To be honest, I’m completely shocked by the admission of former Lehman Brothers CEO, Dick Fuld, that he simply didn’t know what had happened. You can see Fuld scolding the media, as if journalists had anything to do with his irresponsible business decisions. The cherry on top has to be another interviewee explaining that Lehman’s owed $44 for every dollar they had. How can one sustain that in the long run? You can’t, you couldn’t, but one of the supposed brightest minds on Wall Street simply “didn’t know what had happened,” couldn’t read the writing on the wall.

So, if Fuld was the initial villain, it’s now supposed that Alan Greenspan caused the problem many years ago by not adequately regulating credit default swaps, despite warnings from financial authorities, and for keeping interest rates too low for too long, thus contributing to the creation of the notion of free money. Since Greenspan was the puppet master who dictated the line that central bank heads worldwide should follow, his oversight is the ultimate culprit. Greenspan defended his position arguing what any sensible person would say: if you own or run a large financial institution, or any business, it’s best for you to take care of the store and not do anything stupid, like lending money to people you know can’t pay it back, regardless of whether the money you’re lending was given to you “for free” or not. That’s pretty straightforward, right? Obviously, no one told the bankers that there are no free lunches. Greenspan’s position was based, I think, on the belief that any businessman is doing their best to maximize profits while appropriately considering risk and ensuring investments are backed by some tangible value, not at a ratio of 44 to 1. Greenspan is, of course, a principled man who acted as such; his mistake was thinking that everyone in the business world shared that particular premise with him.
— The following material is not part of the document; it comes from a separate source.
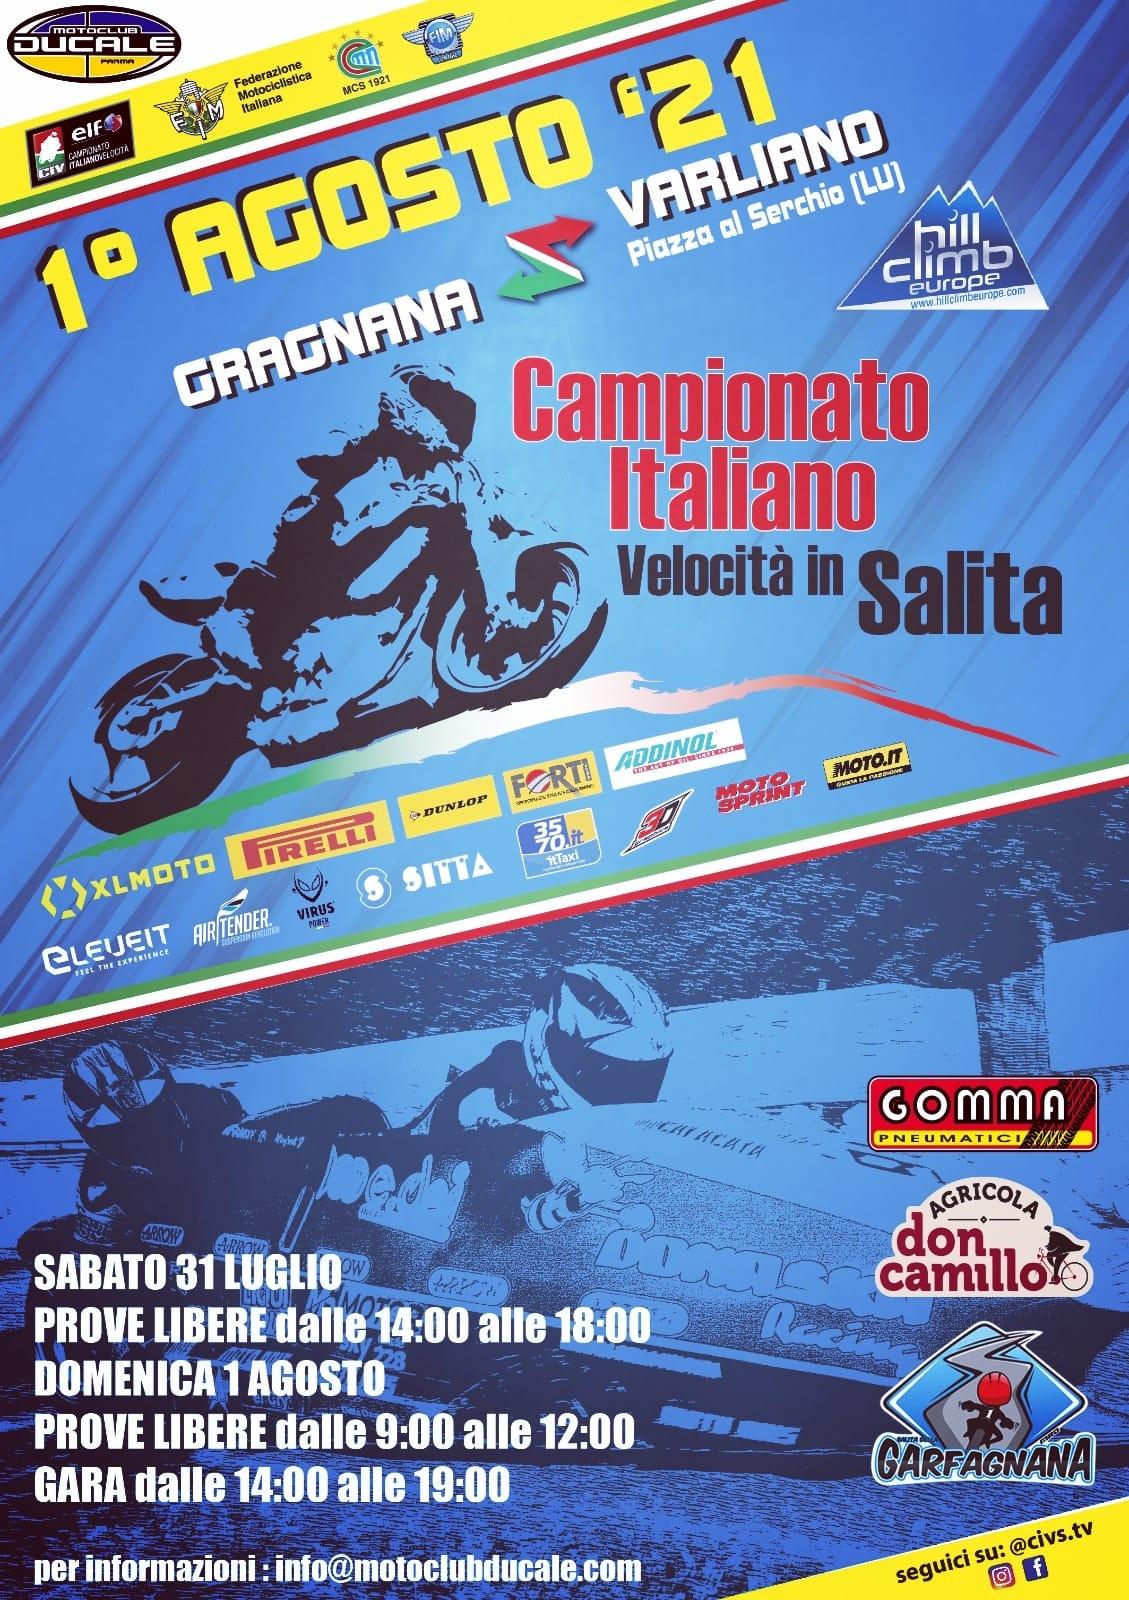 Garfagnana Manifesto Campionato in Salita 2021 ok

And what about the politicians in charge who pressured banks to lend money for electoral gains? Enter Fuld, who must have thought that if the government didn’t force banks to lend, so that poor people could climb the property ladder, then it was logical that when Joe Doe defaulted on his mortgage payments, triggering a cataclysmic crisis, he could shift the blame to those who pushed, or anyone but himself. He miscalculated and, in doing so, ended up destroying the trust that shareholders and partners placed in him and, of course, his reputation.

This whole matter is supposed to be irrefutable proof that capitalism doesn’t work, and I regret to disagree. Because what it shows, quite clearly, is that for humans, greed and the prospect of improvement, personal enrichment, easy money, a handout—in short, personal gain—often get in the way of reason or collective well-being, in almost every case. This isn’t a problem endemic to capitalism; it’s human nature, and that’s precisely why communism will never prevail. Examples of this behavior can be seen everywhere, from Wall Street to Westminster, Harare, Havana, Caracas, or Seoul. Human errors are blameworthy, yet capitalism remains the system that offers the most individual freedom.